Jim Fitch, Noria Corporation

Guidelines for Developing a World-class Inspection Plan

Like most business plans and strategies, an inspection plan should be built from the top down. It should begin with a clear statement of corporate goals and objectives related to asset management.

This approach is addressed in ISO 55001. Another global standard currently under construction by the International Council for Machinery Lubrication (ICML), ICML 55 focuses on optimized management of lubricated assets. It is aligned to ISO 55001 guidelines as well.

A full-on inspection plan should also be a detailed and comprehensive document to ensure that key features and functional elements are not overlooked. From there, it can be abridged or streamlined for quick review by technicians and operators.

The unabridged version of the plan can even serve as a rough curriculum for training and competency testing for both current and aspiring new inspectors.

A well-constructed inspection plan enhances the likelihood and magnitude of successful and sustained deployment. The discussion that follows is more about codifying the structure of an inspection plan, including the tasks and main features that should be incorporated when writing a plan.

Modern reliability and asset management programs expect documented, procedure-based work plans. This reduces the risk of variability, uncertainty and drift over time. The plan is best if it is consensus-based and continually improved.

Before considering the input of stakeholders in writing the inspection plan, first get everyone on the same page through training or self-study on the fundamental elements of Inspection 2.0.

26% of lubrication professionals say enabling inspections of their in-service oil and machinery would be the most likely reason for making machine modifications at their plant, based on a recent poll at MachineryLubrication.com

Consensus-based inspection plans tap into the knowledge and experience of skilled practitioners, old-timers and others with valuable craft skills. This provides a helpful foundation related to the machine’s operating conditions, critical inspection points, reliability history and known failure modes.

It also establishes buy-in or ownership among operators, mechanics, technicians and other stakeholders who will be asked to both execute and respond to the plan.

Furthermore, a well-constructed inspection plan communicates the importance of effort and purpose. It documents that Inspection 2.0 differentiates considerably from the conventional inspection practices of the past and that these differences are necessary to achieve the optimized level of machine reliability established by the asset owner.

When writing your inspection plan, consider the following topics:

Multiple Disciplines

For many (but not all) organizations, inspections should be cross-disciplinary. They should include lubrication, mechanical maintenance, electrical, safety and operational inspections. It makes little sense to conduct one survey for lubrication followed by a similar survey for electrical systems on the same machine.
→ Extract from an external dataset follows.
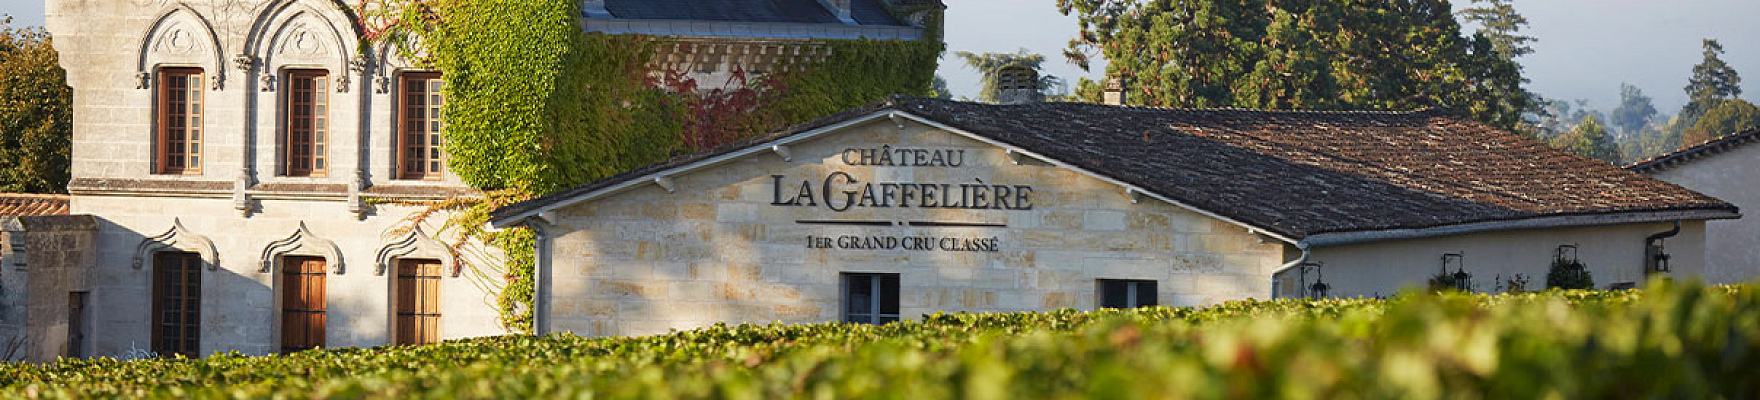 Château La Gaffeliere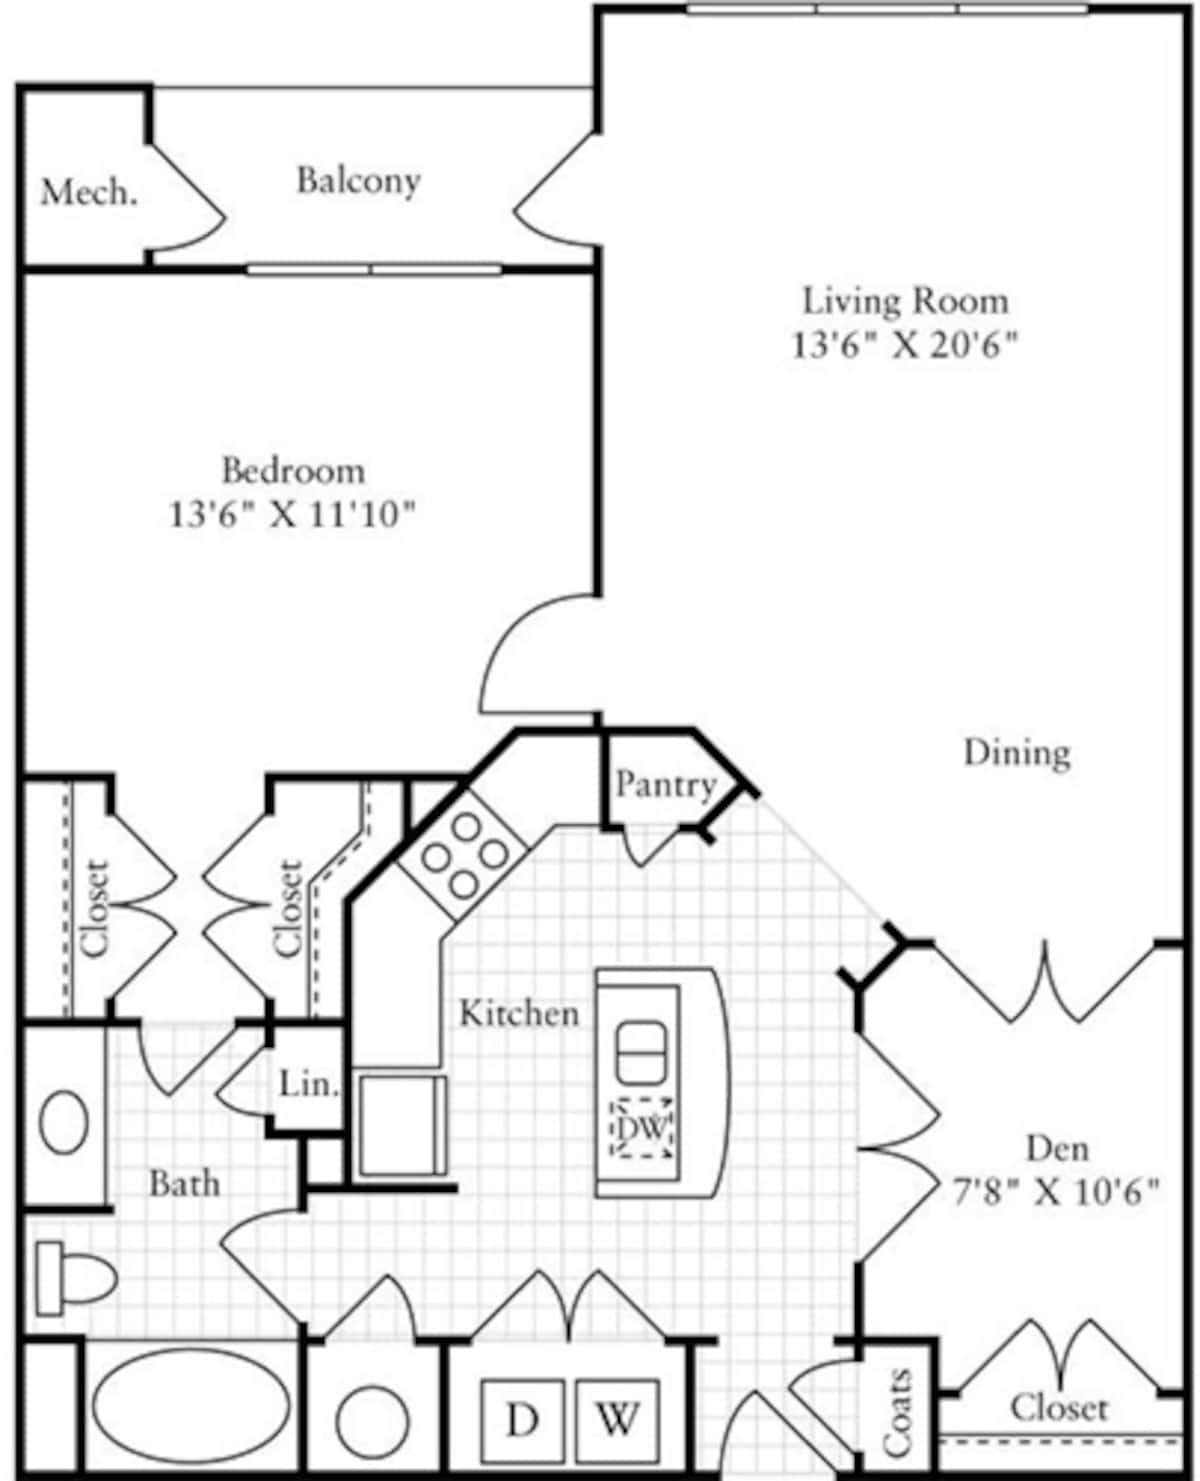 Floorplan diagram for 1 Bedroom F, showing 1 bedroom

If your plant has different maintenance planners for different maintenance functions (mechanical, electrical, production, etc.), inspections can easily be divided once the information has been gathered. The critical path is getting good data and all the data. The rest will fall in place accordingly.

Common Goals

Inspection should be purposeful. It should provide routine answers to important questions about the health and condition of the machine overall as well as of the individual components and the lubricant. Inspection is a vital condition monitoring method that requires unification with other companion methods.

All condition monitoring activities and technologies should conform to or align with corporate goals and business objectives, particularly as they relate to asset management and machine reliability.

As mentioned, it should start at the top and become increasingly granular and prescriptive as it works down into the specific tasks of condition monitoring and inspection.

For instance, if the corporate goal is to increase earnings per share, then inspection must directly and indirectly be structured toward achieving that goal. This might come from increased worker safety, lower maintenance costs, greater asset utilization (productivity) and reduced energy consumption.

Ranked Failure Modes

What are the questions that inspections are supposed to answer? There could be many, but one is always the general state of your machine’s health. Specifically, is there confirmation of health or evidence of incipient or impending failure conditions?

Therefore, you need to know the types of failures to be looking for, ranked by likelihood and risk factor. You also must know which inspection tasks and methods can alert you to a failure in progress and perhaps how advanced it might be.

Next, you should understand the root causes associated with each of these ranked failure modes and how these root causes might be recognized by inspection. One root cause can be associated with multiple failure modes.

To prevent the onset of failure, it’s important to catch root causes early. All known high-risk failure modes should have at least one or more methods in your inspection plan that can reliably reveal their presence.

So, when writing an inspection plan, cross-check that all inspection methods and tasks are aligned to a prominent failure mode or its root cause and that there are no high-risk failure modes that don’t have an associated inspection method or task for early detection. This will bullet-proof your inspection strategy when executed properly.

Machine Inspection Ownership: Operator or Resident Expert?

Each task or method defined by the inspection plan must be performed with seriousness of purpose. The inspector should be responsible and accountable for quality work. In some organizations, the best choice for such an inspector is the machine operator.

This is the person who works near the machines and can recognize subtle differences between what is normal and abnormal. This approach is often referred to as operator-centric inspection.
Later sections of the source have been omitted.